We left the gallery, moving down corridors and up staircases, their banisters casting long shadows over the damask wallpaper. We passed padlocked doors labeled such things as ROOM OF MARBLE HEADS and VESTIBULE OF BLOOD, and one door that was hardly large enough for a cat called the TINY QUEEN’S THRONE ROOM. We passed the chamber mostly occupied by the large, leafy tree, its branches rustling and whispering inside. And then I saw that stupid crow again, perched on a chandelier high above my head. For a moment I was sure it was a sculpture. But then it screeched and took flight, and vanished out of a partly open window, in a flurry of black feathers.
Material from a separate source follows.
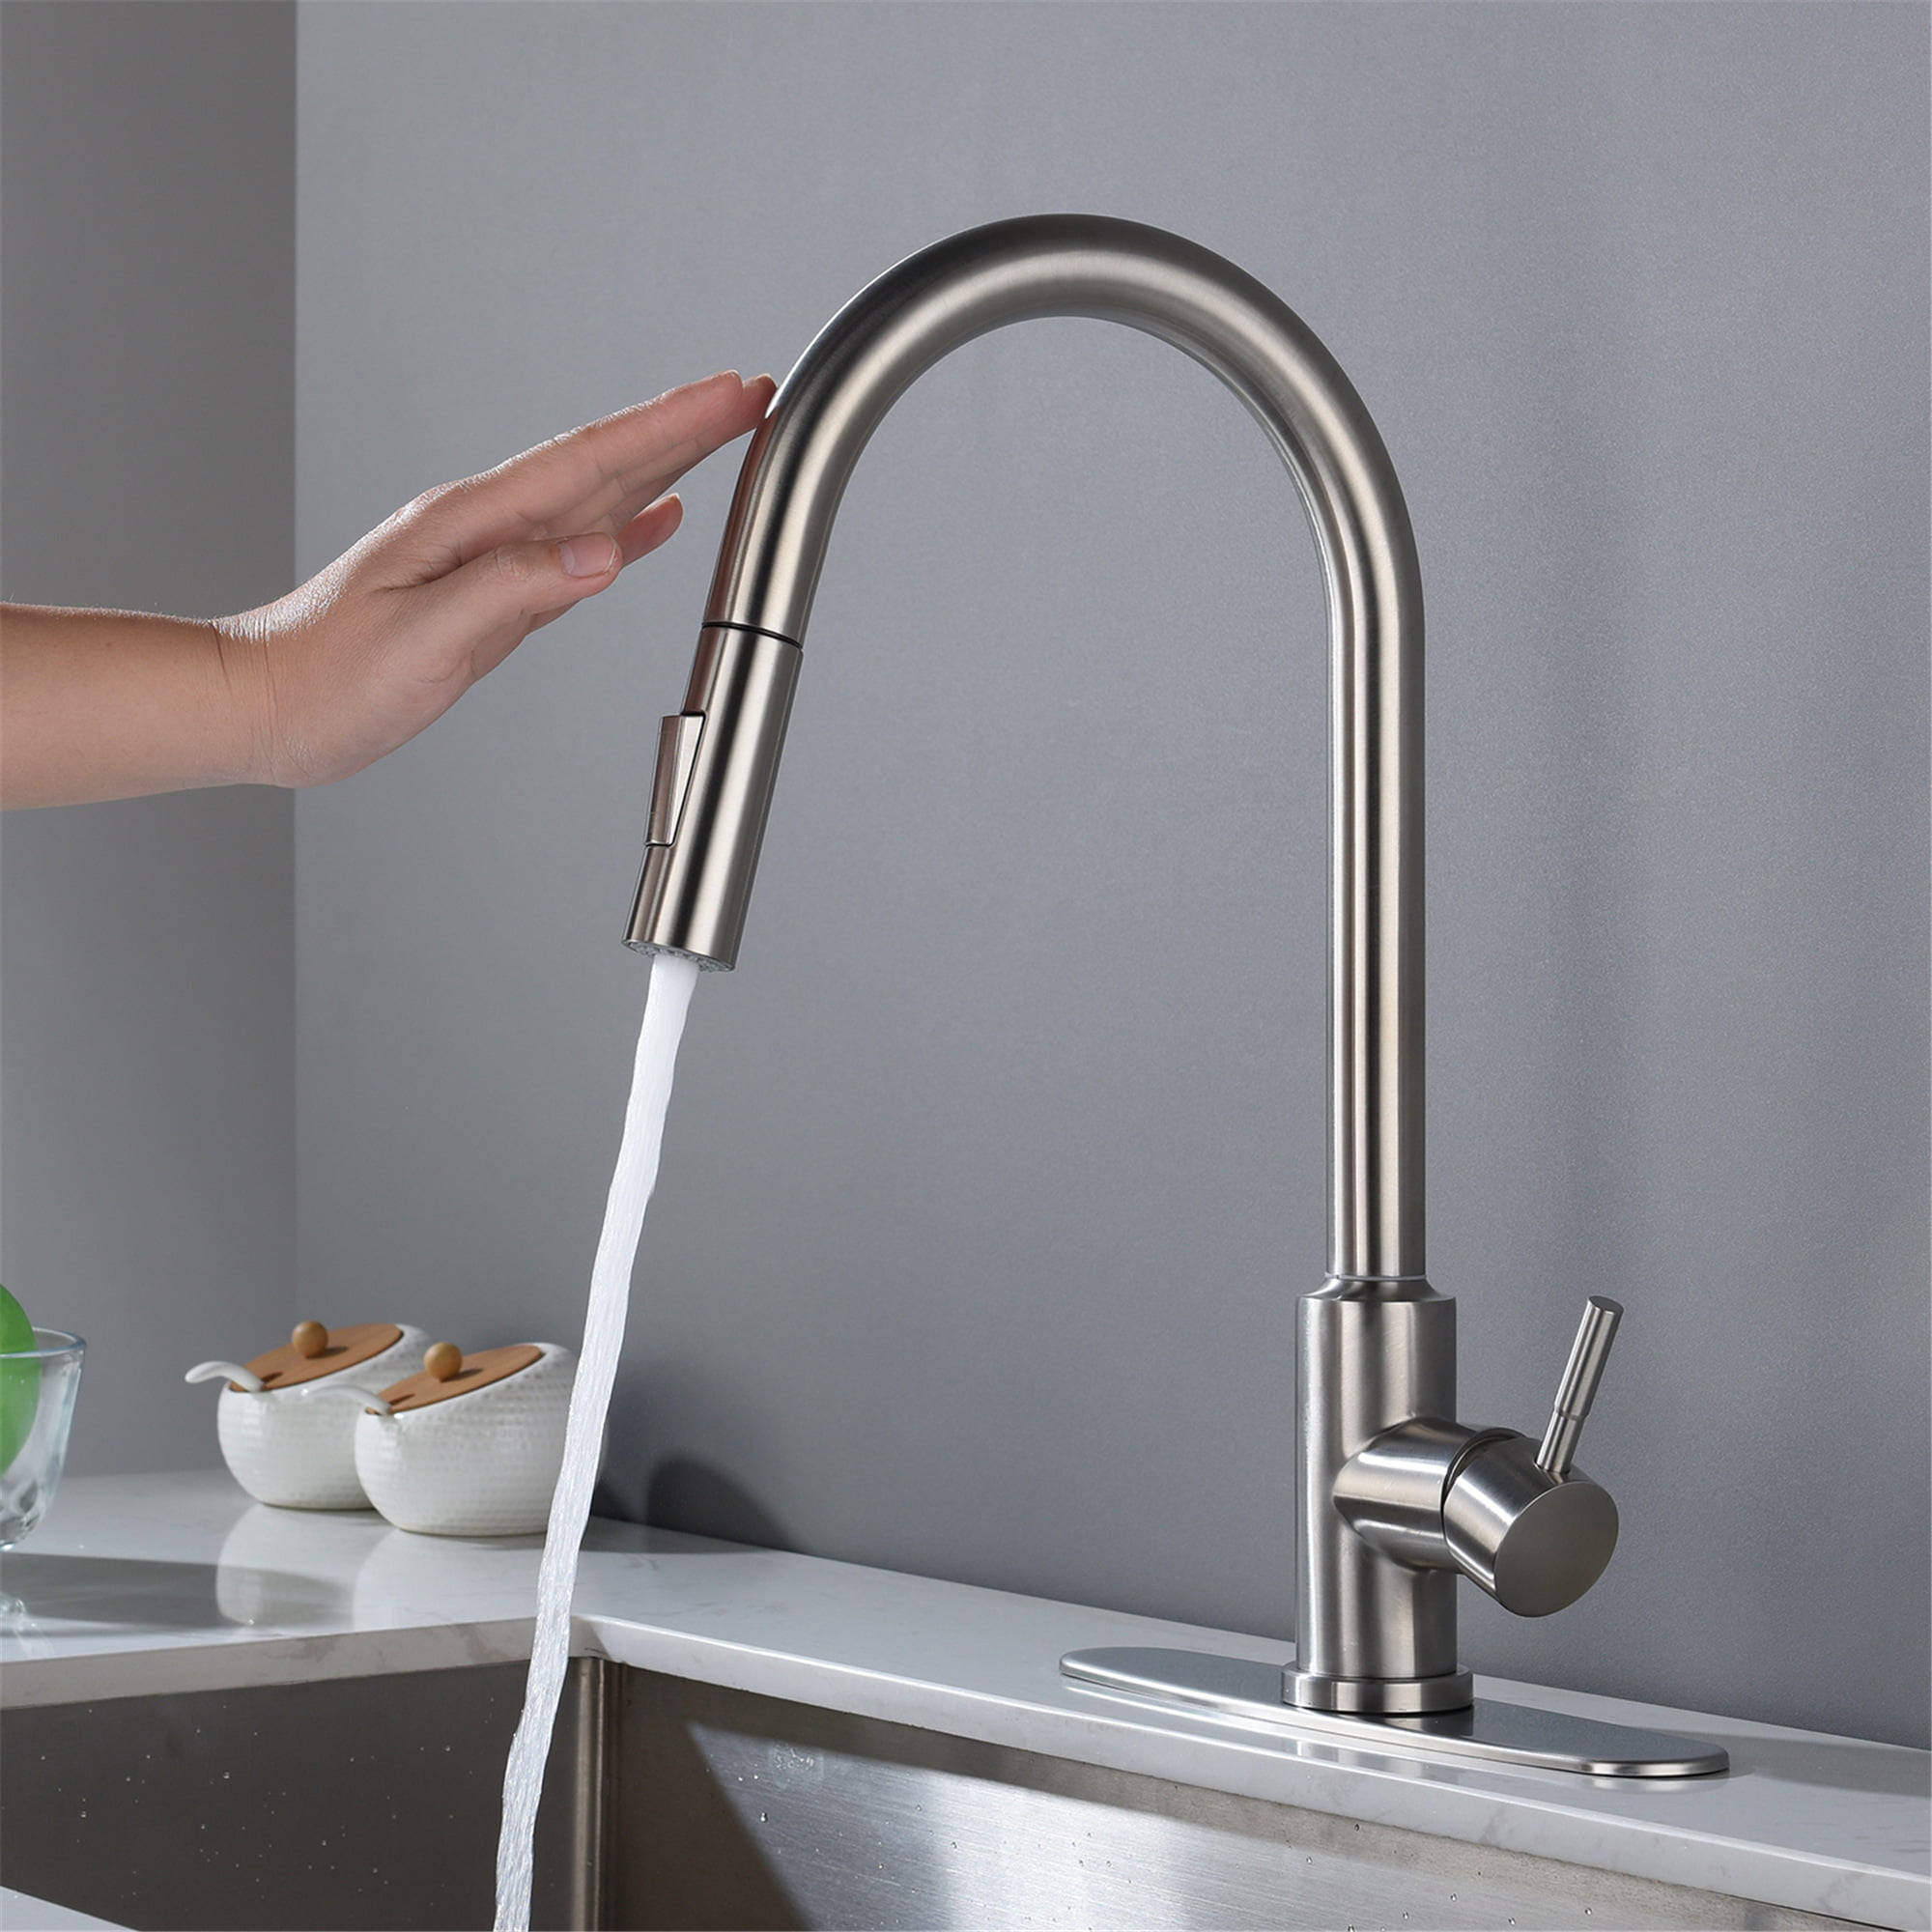 OAKBROOK 4877338 TUCANA Motion Activated Kitchen Faucet Brushed Nickel

I shook my head. “I thought all of them had left.”

“They had!” said Minnifer. “It’s a good omen, that. You arriving, and a crow coming soon after. It means things are about to change.”

We ended the tour in the servants’ hall, deep in the roots of the castle. It was the warmest place, by far, and the nicest smelling. The bundles of drying lavender filled the air with their pungent fumes. A fire blazed in the huge stone fireplace. When we had finished dinner, we melted an entire block of chocolate into a pan of milk and sat on the floor in front of the hearth to drink it. The wide, polished boards glimmered, warm from the glow of the coals, and we sipped from black china mugs and ate crumbly shortbread in the shape of sickle moons.
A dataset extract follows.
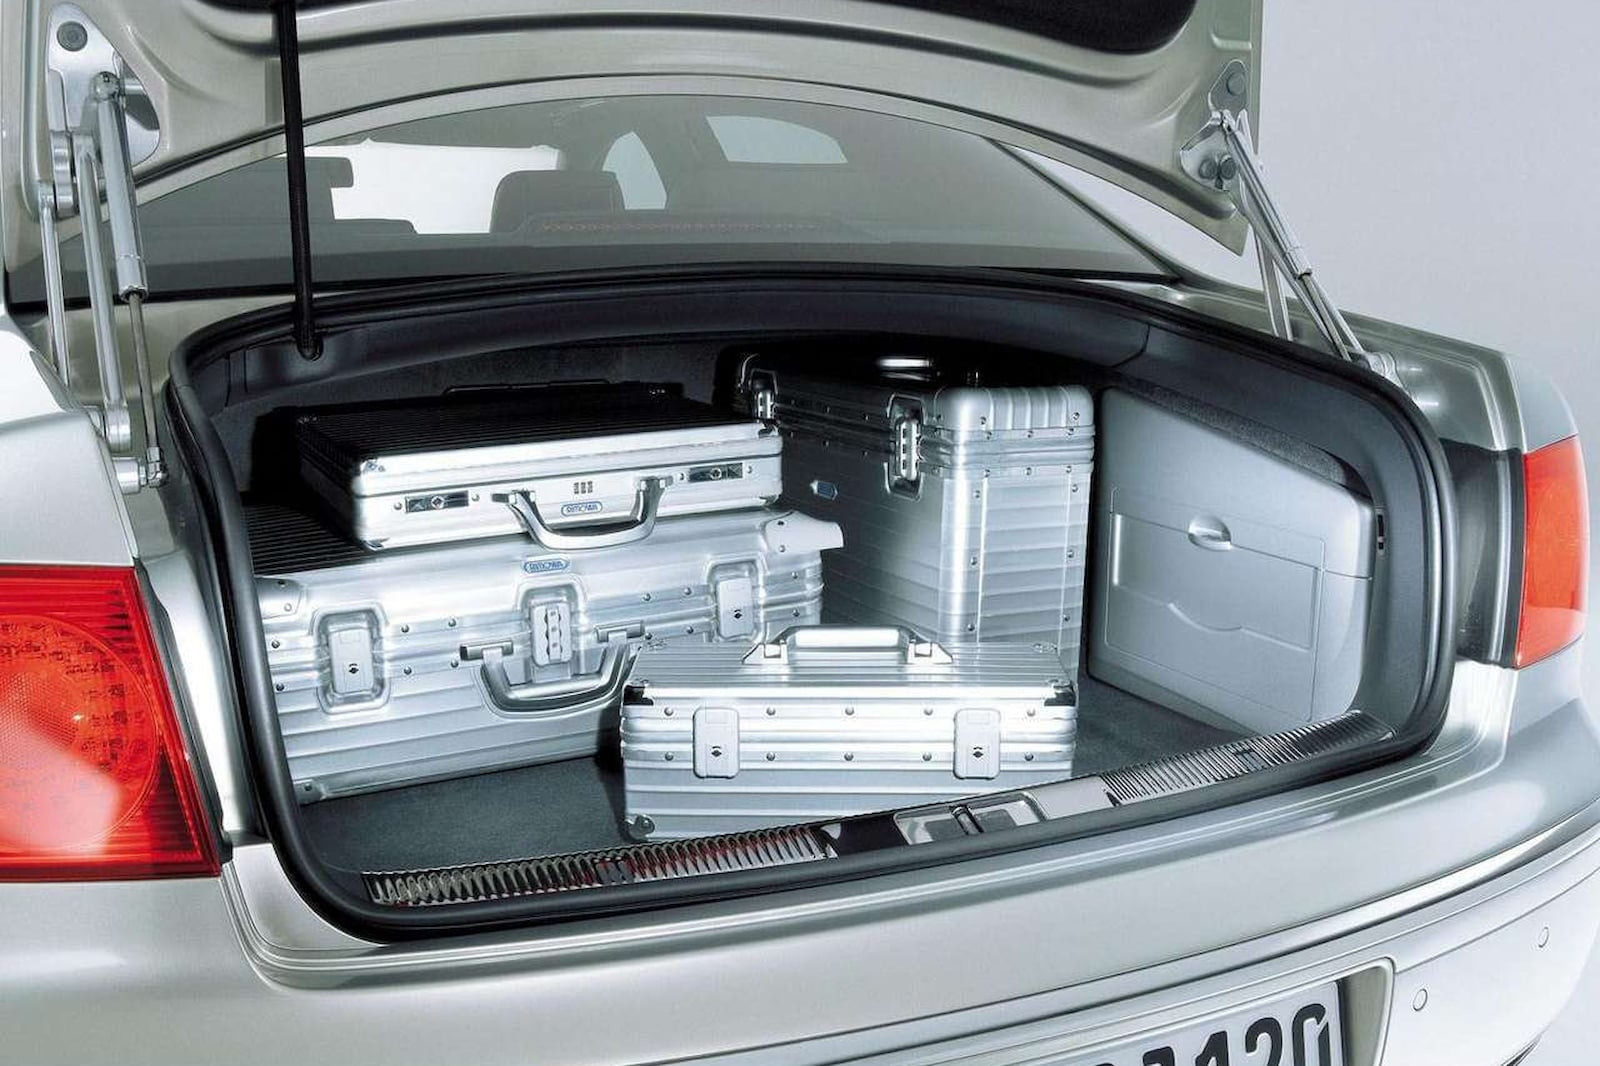 The trunk and little-known things: Mercedes changed everything - Photo 15.

It turned out Bram was the cook of all the delicacies I’d had at breakfast, and all of the ones we had just feasted on. He had fashioned tiny amuse-bouches for our supper—buttered sandwiches with salmon florets and cucumber sails and dustings of dill, cherry tomatoes stuffed with savory bread, golden quiches, their fillings lighter than air—and served them on a silver dish. He seemed very proud of himself when I said they were the most delicious things I’d ever eaten.

“He’ll be a great chef one day, you wait and see,” said Minnifer, and Bram reddened and crunched busily at his shortbread.
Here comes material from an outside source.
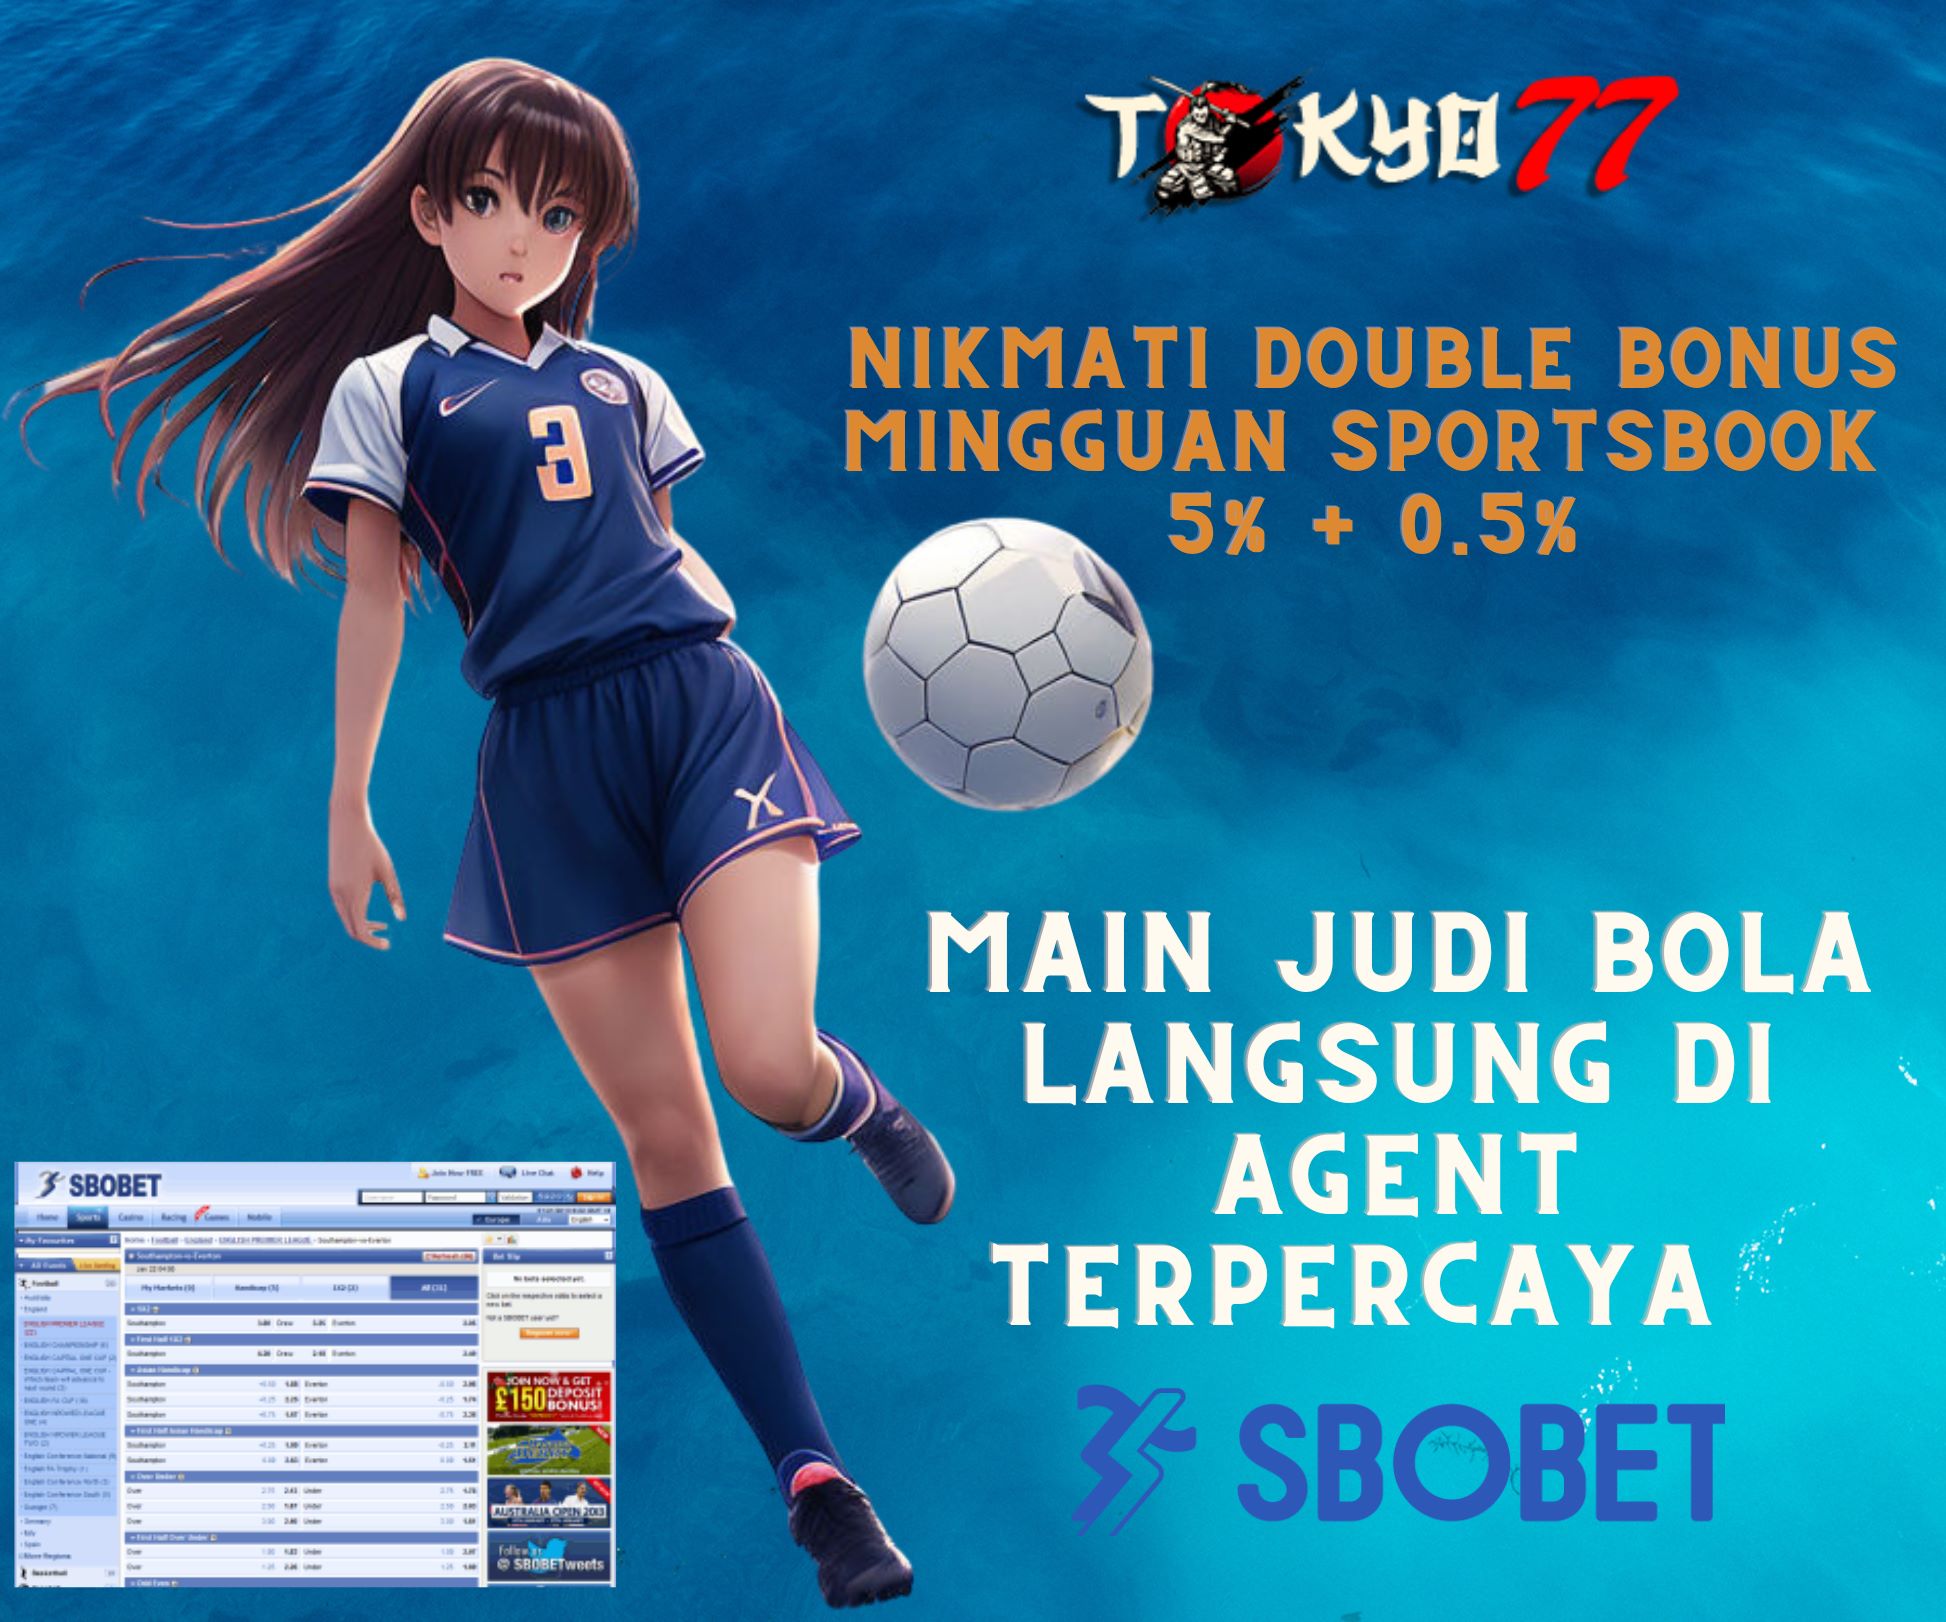 Playing Online Football Gambling is More Interesting on SBOBET

“Is that your plan, Bram?” I asked. “Are you going to be a cook? I would go to your shop every day if you sold a-moose-booshes there.”

Minnifer laughed at my pronunciation, but I didn’t mind.

“Maybe one day,” said Bram, picking at a splinter in the floor. And then Bram and Minnifer peered at each other, the same sad, odd look they had exchanged the night before. I glanced between them, feeling suddenly left out.

“Why did you stay after what happened?” I asked them. “Not that I’m not very happy you’re here, but you’re both old enough to work anywhere. Bram could be cooking in any great house or big city—”

“I’m in a great house,” said Bram seriously. “The greatest house.”

“Yes, but everyone’s dead or run away,” I said. “And there’s dark sorcery afoot, not to mention Mrs. Cantanker—”

“This is our home,” said Minnifer. “And anyway, Bram’s not allowed to go anywhere without me. We look out for each other, don’t we, Bram?”

Bram nodded. Minnifer nodded too, satisfied. “Sometimes,” she said, “I think this whole place could go to ruin, and all the witches of the world could be working in offices and sweeping train platforms, and Bram and I would still be here as little old people, tending the rosemary and patching the roof. They took us in, you see, from an orphanage down in the valley. I was seven and Bram was eight, and maybe it doesn’t make sense to other people, but . . . it’s hard to leave a place you’ve known so long.”

“It wasn’t hard for me to leave Cricktown,” I said. In fact, it was knowing the place well that had made it easy to say goodbye to its low, peaked roofs and petty people. But then I thought for a moment and added quietly, “I know all about being an orphan, though. I’m glad we all found our way here.”